Latvija in brief - 2004-04-08

  • 2004-04-08
A team of Latvian specialists will travel to Egypt to train local scientists and archeologists in the use of three dimensional scanners and assist in the creation of a scientific center that would use the hi tech equipment.

The group has previously worked in Egypt's Karnak Temple. Plans for an expedition to Iraq are also in the works, where the group's leader, the Frenchman Bruno Deslandes, wants to scan ziggurats in Ur.

Headquarters for the Defense of Russian Schools, or Shtab, an organization that opposes Latvia's coming education reform, has promised a protest of 50,000 schoolchildren in the near future. Shtab has been one of the fiercest opponents of the planned educational reform, which will begin this September, when 60 percent of classes must be conducted in Latvian starting in the 10th grade.

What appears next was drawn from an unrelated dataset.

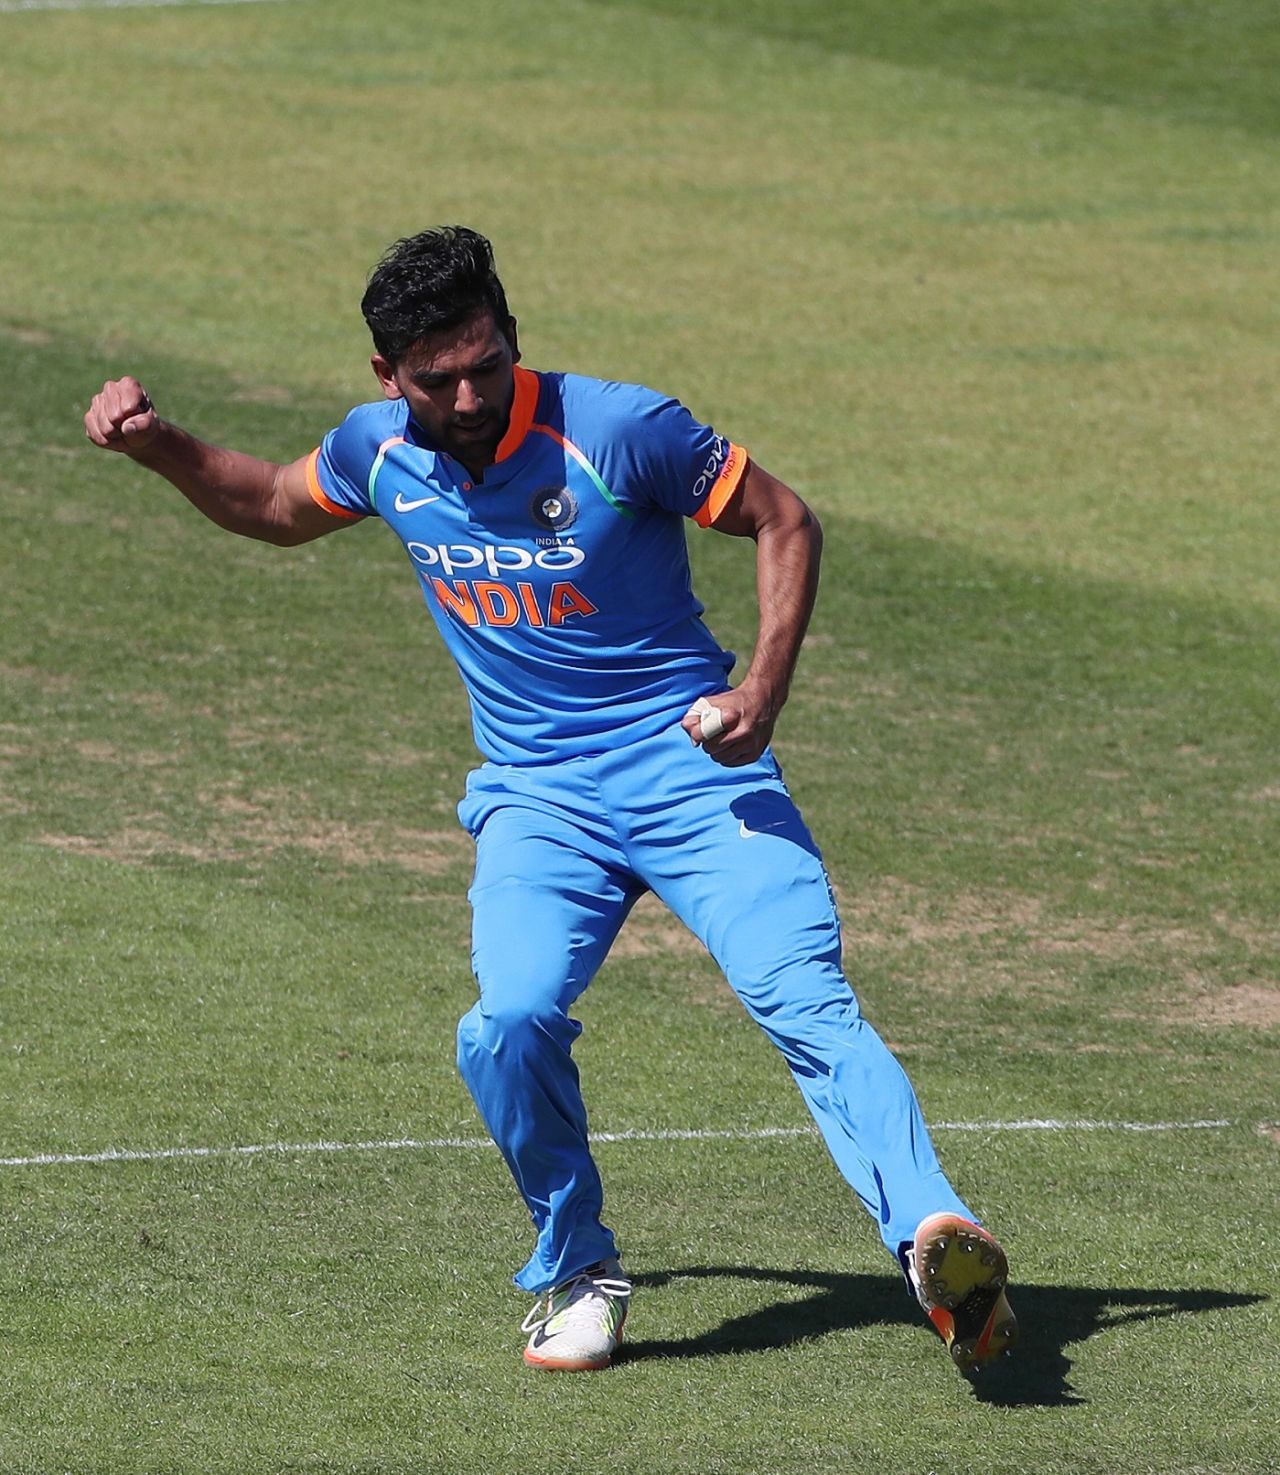 Deepak Chahar has enjoyed rich returns on India A's tour of England, India A v West Indies A, June 29, 2018

Prime Minister Indulis Emsis has asked Economy Minister Juris Lujans to examine the government's settlement with TeliaSonera on the state telephone company Lattelekom. The settlement was agreed upon shortly before Einars Repse, the previous prime minister, left office. Emsis has said he would like to make the agreement public despite warnings that such a move could lead to international litigation.

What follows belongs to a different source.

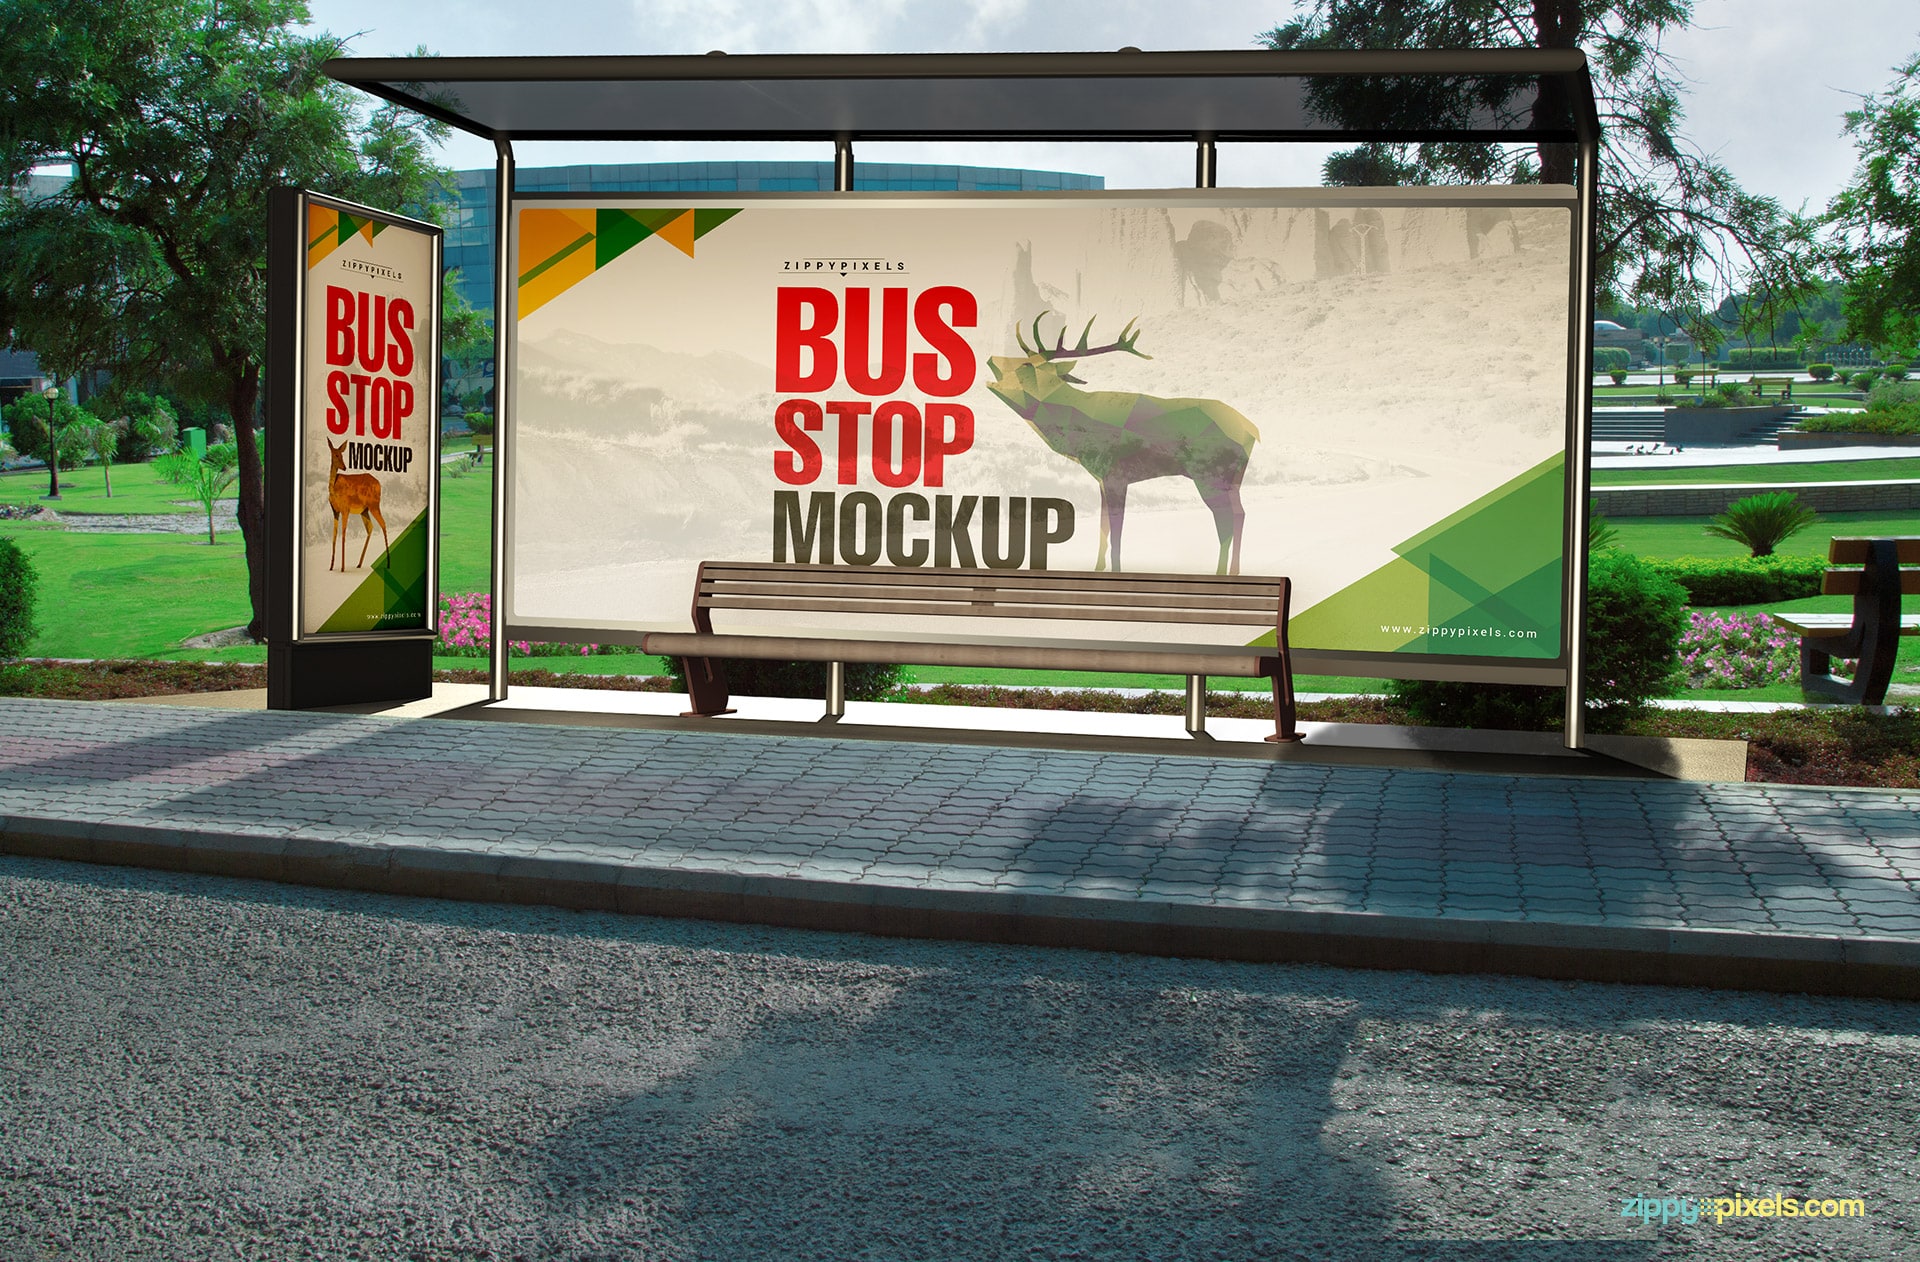 advertisement on roadways buses

The Health Ministry has asked the Belarusian pharmaceutical company Belmedpreparati to cover expenses incurred in treating Latvians who became ill after taking Belarus-made Ascophen-P painkillers. Belmedpreparati painkillers allegedly led to the hospitalization of 24 people last month. The subsequent health care expenditures cost the Latvian state over 10,500 lats (16,000 euros). A study is being carried out to determine the exact composition of the pills.

Former Prime Minister Einars Repse put a series of his paintings on exhibit in the southwestern city of Liepaja under the title "Unfinished Studies" at the modern art gallery K Maksla. Repse will share the gallery with another artist, Aija Zarina.